- Born: 28 December 1918 Fujian, China
- Died: 27 December 1997 (aged 78) Rochester, New York
- Education: Cornell University
- Known for: Protein formation, cloverleaf model of transfer RNA
- Scientific career
- Fields: Biochemistry, Molecular biology
- Workplaces: Cornell University, Harvard University, Massachusetts Institute of Technology

= Elizabeth Beach Keller =

American biochemist

Elizabeth Beach Keller (1918—1997) was an American biochemist. She is noted for her discoveries on protein formation. These included her development of the cloverleaf model of transfer RNA (ribonucleic acid), which shows how transfer RNA helps in directing the genetic information within the DNA to form proteins. This model was included in Robert W. Holley's set of works that earned him a share of the Nobel Prize.

== Biography ==
Keller was born Elizabeth Waterbury Beach on December 28, 1918, in Diongloh, Fujian province, China. She was the youngest daughter of Frederick P. Beach and Ruth W. Beach, who were congregational missionaries stationed in the Chinese province. Her formal education began when the family relocated to the United States. She spent two years at Oberlin College before obtaining her Bachelor of Science degree at the University of Chicago. Keller completed her master's degree at George Washington University and her Ph.D. in biochemistry at Cornell Medical College, where she investigated the formation and transfer of methyl groups in metabolisms for her dissertation.
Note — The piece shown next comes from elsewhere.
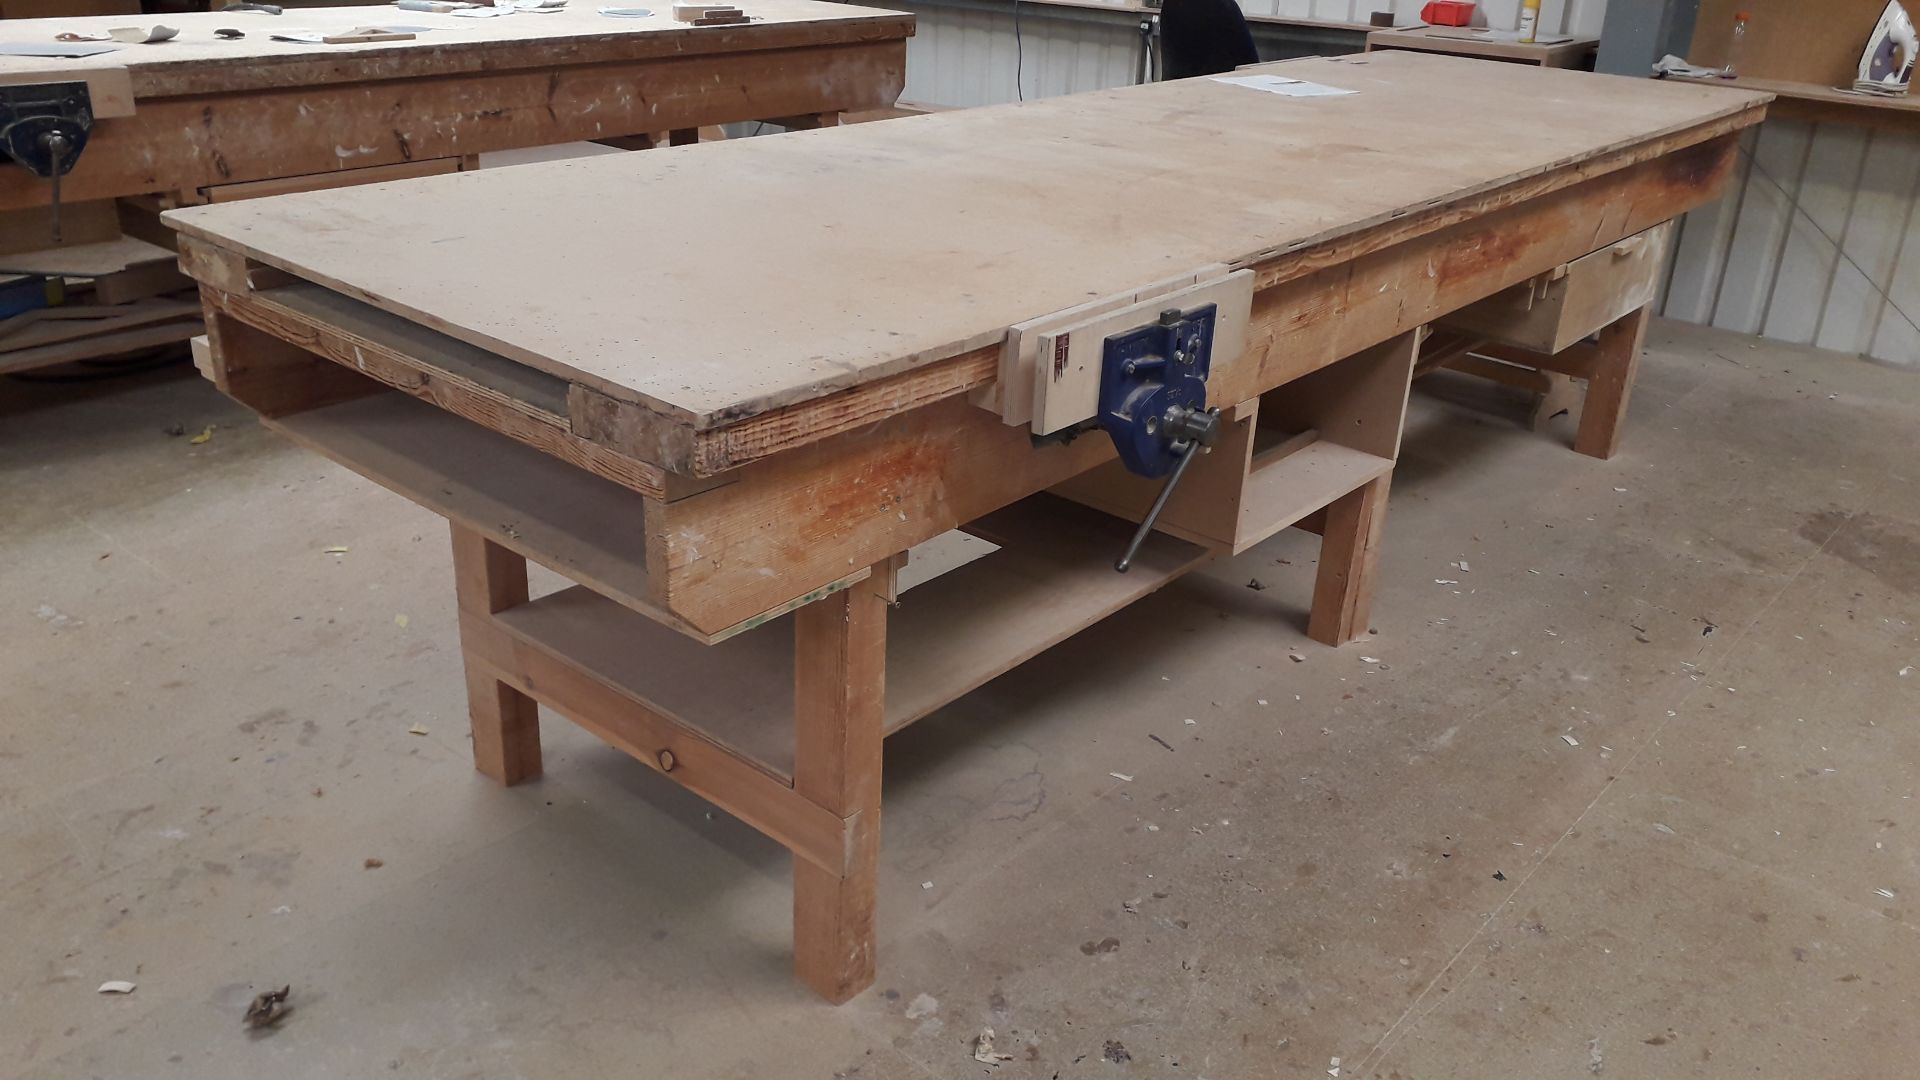 3x Timber Workbenches with Vice and Storage Under, Approx 4m x 1m - Located on 1st Floor. Contents - Image 4 of 7
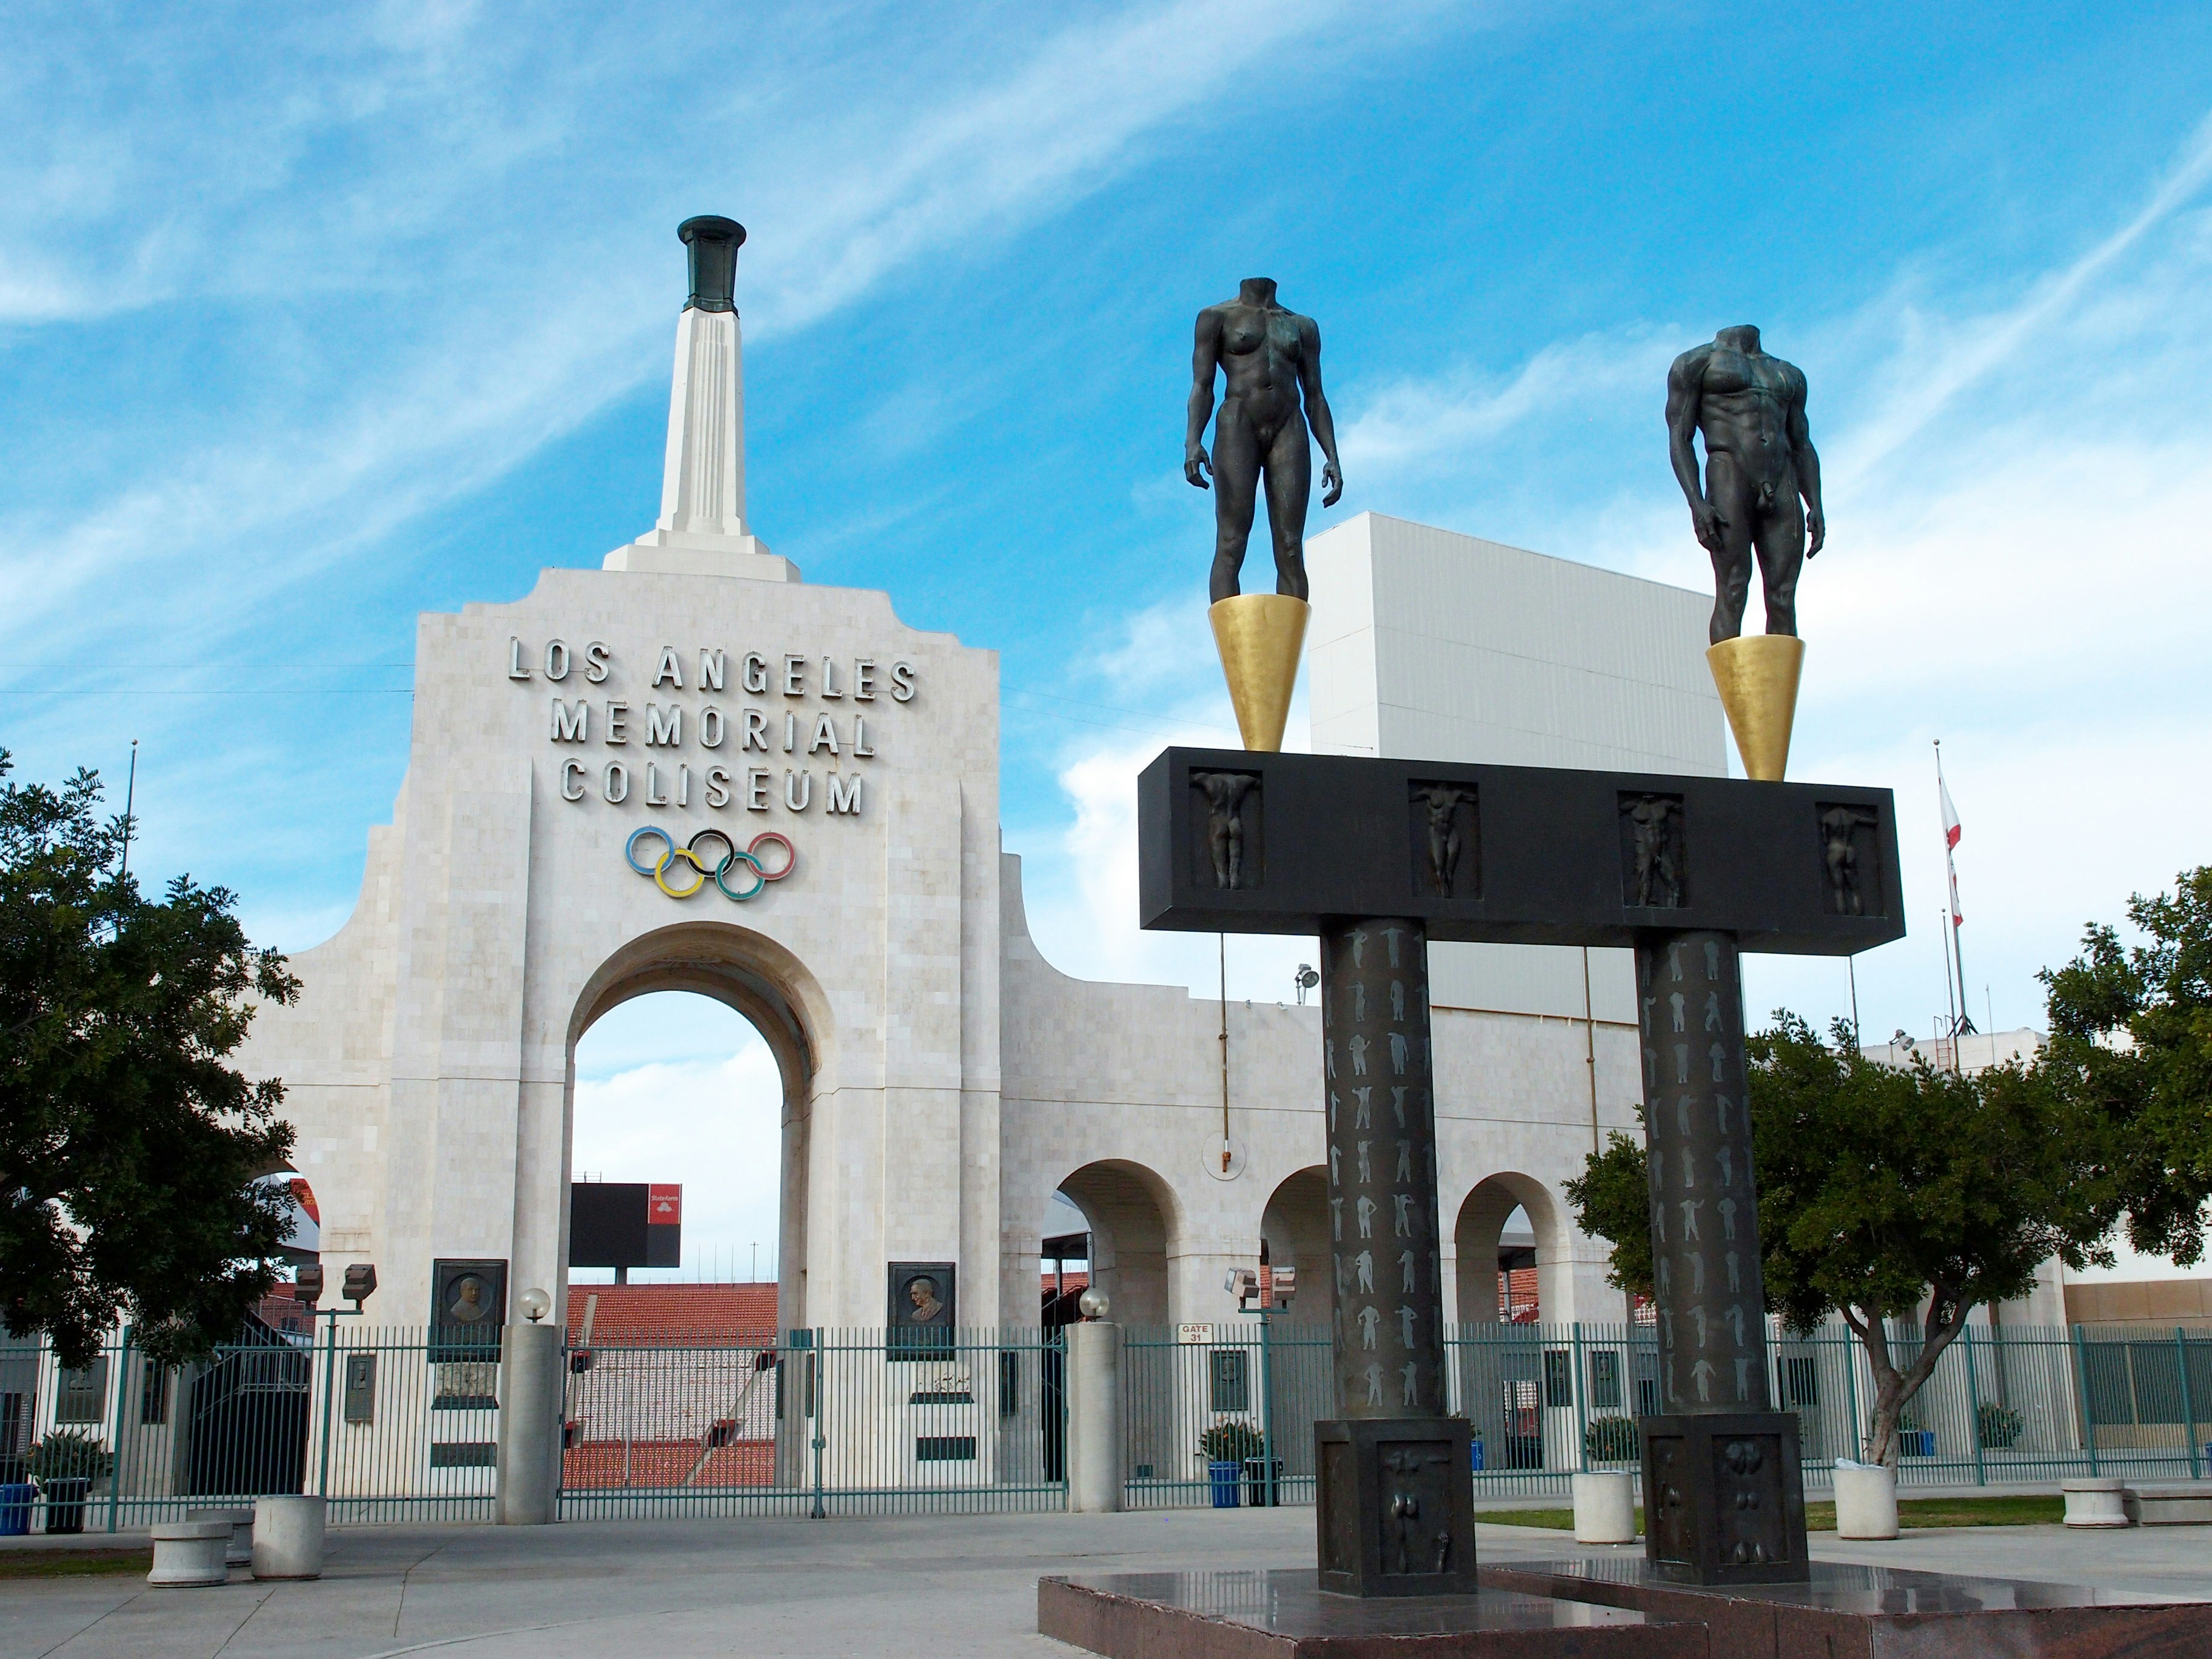 Exterior shot of the Los Angeles Coliseum. There are a pair of headless statues standing on golden cones.

Keller was married to Geoffrey Keller in 1941 but the marriage later ended in divorce.

== Career ==
After completing her postgraduate degree, Keller first worked at the Cornell Medical College as an assistant professor. From 1948 to 1949, she was an Atomic Energy Commission fellow at Ohio State University's College of Medicine. After this period, she investigated the process of making proteins in cells at Harvard University and the Massachusetts Institute of Technology (1949–1960). Her collaboration with Paul Zamecnik included several studies that investigated the incorporation of labeled amino acids into proteins. Keller's research paved the way for more productive in vitro experiments on protein synthesis after she introduced the use of radioactive leucine in the process. Her and Zamecnik's work with Mahlon Hoagland also led to the discovery of the initial stages of protein synthesis.

In 1965, she joined Cornell University and worked with Holley, who was studying the transfer-RNA structure. She found that the workings of transfer RNA is best shown through the cloverleaf model and had demonstrated it using pipe cleaners and pieces of Velcro. The cloverleaf model itself was one of the secondary structures for the first tRNA sequence that she developed with James Penswick, a student member of the Holley group. The study would later earn for Holley the Nobel Prize in Physiology or Medicine in 1968. Keller as well as the other members of the research team received part of the prize money.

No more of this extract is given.